### Sammmmmmm's blog

By Sammmmmmm, history, 11 days ago,

Given an array of n integers. In 1 operation you can swap 2 adjacent elements a[i] and a[i + 1] if and only if a[i] + a[i + 1] <=

k. Count the number of possible arrays that can be created using a series of operations (possibly none). Two arrays a and b are

considered different if there exists an index i so that a[i] != b[i]

N <= 1e5

K <= 1e9

Ai <= 1e9

Thanks!

• +1

 » 11 days ago, # | ← Rev. 2 →   +13 correct me if i'm wronglet mn be the min element if A[i] + mn > k then pos i is fixed lets make new array B which contains all A[i] such that A[i] + mn <= k ans will be all possible permutations of B edit : above soln is for the case when we can swap any 2 positions for the case of swaping only adjacent positions break the array into subarrays such that for each subarray max - min <= k ans will be product of no. permutation of all subarrays. 
•  » » 11 days ago, # ^ |   0 No it is wrong Consider this array K=10, arr = [3,100,2] your algorithm will give 2 permutations, but actual answer is 1
•  » » » 11 days ago, # ^ |   0 you are correct. i misread the problem please verify the edit part.

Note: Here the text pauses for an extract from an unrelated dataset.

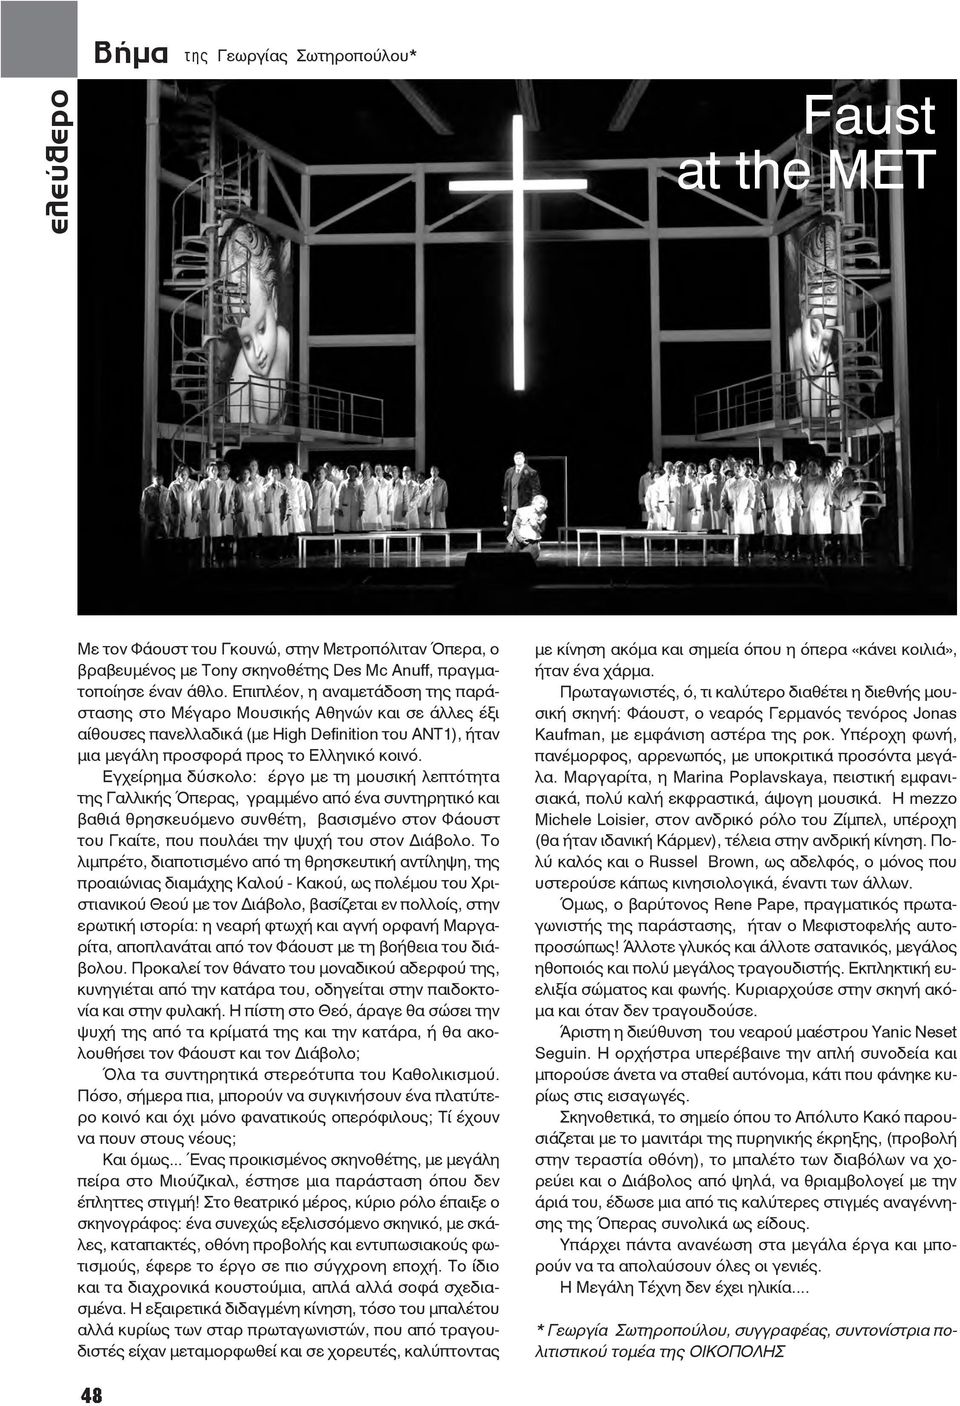 Εγχείρημα δύσκολο: έργο με τη μουσική λεπτότητα της Γαλλικής Όπερας, γραμμένο από ένα συντηρητικό και βαθιά θρησκευόμενο συνθέτη, βασισμένο στον Φάουστ του Γκαίτε, που πουλάει την ψυχή του στον

Thanks!
•  » » 11 days ago, # ^ | ← Rev. 2 →   0 [1, 10, 2, 10, 3, 10], k: 5the answer here is one since you can't swap any two adjacent element, but the B array will be: 1,2,3, which the number of permutations are 6
•  » » » 11 days ago, # ^ |   0 yes, you are correct i misread the problem i have corrected it can you please verify it again
•  » » » » 11 days ago, # ^ |   0 Bro, I typed all that s**t as a solution, and u explained it in 2 sentences, yes it's indeed correct.
•  » » » » » 11 days ago, # ^ |   0 thanks bro for verifying it.
 » 11 days ago, # |   0 why downvotes this is a good question
 » 11 days ago, # | ← Rev. 5 →   +1 I have this solution:(the indexing for the array is one based):If too long to read: https://codeforces.com/blog/entry/129493?#comment-1149165 simplifies itEDIT: Now that I think about it, there exist a more clever and cleaner way to implement this approach, but I wrote the first thing that came to mind, so if you wanna read it:Although the part for calculation the permutations is indeed required, even if u use the other clever implementation. So yes that might be helpful Detailed solution, also talked about details way of implementationmaintain a variable ans initially set to 1, and a vector tmp. (having it always sorted like a multiset won't bother). You start from index 2, if you could swap the element with index 1, you'll insert $a_1$ and $a_2$ into the tmp, otherwise leave it empty, now going to next index, there are 2 possible scenarios:1. tmp is empty: you just check if you can swap $a_i$ with $a_{i-1}$, if u can, insert both into tmp, otherwise advance to the next index.2. tmp is not empty, there are again 2 scenarios:2.1: there exist an element less or equal to $a_i - k$, in that case, you insert $a_i$ into the multiset and advance to the next index.2.2: there doesn't exist ...: multiply the ans variable by the number of permutations the multiset can have, empty the multiset and advance.after the n'th element, just multiply the answer by the number of permutations the multiset has, and then output it.For calculating the permutations, it's generally like this: $x! / (cnt_1! * cnt_2! * \cdots)$, where the $cnt_k$ is the number of occurrences of the k'th element(since 1,2,1 and 1,2,1 are the same, the number of permutations of this example is: $3!/(2!*1!)$ which is 3. To calculate that, have a variable: dominator, every time you insert a new element to the multiset, the dominator will get multiplied by the current count of that element in the multiset, which can be accessed using a map.and for the numerator, use a standard factorial calculation. The overall time complexity would be a O(n*log(n)) but it has a lot of constant factors, for map, multiset, and multiplying big integers module a mod.of course, the answer of the problem should be calculated modulo a prime otherwise it's not practical for cp.
•  » » 11 days ago, # ^ |   0 You don't need to have a multiset, have 3 variables: mn, mx, and length, while advancing the new vertex, if the new_mn - new_mx <= k, the length gets incremented.otherwise, the answer gets multiplied by (length! / (all those cnt factorials)). which may help the complexity to lose some constant factor
•  » » » 11 days ago, # ^ |   0 Also, keeping the dominator and numerator in 2 different variables all the time and calculating the mod division only once is a good performance boost
 » 11 days ago, # |   -8 Bro this comment section turned into a place for specialists(everyone who commented was spec)
•  » » 11 days ago, # ^ |   0 oops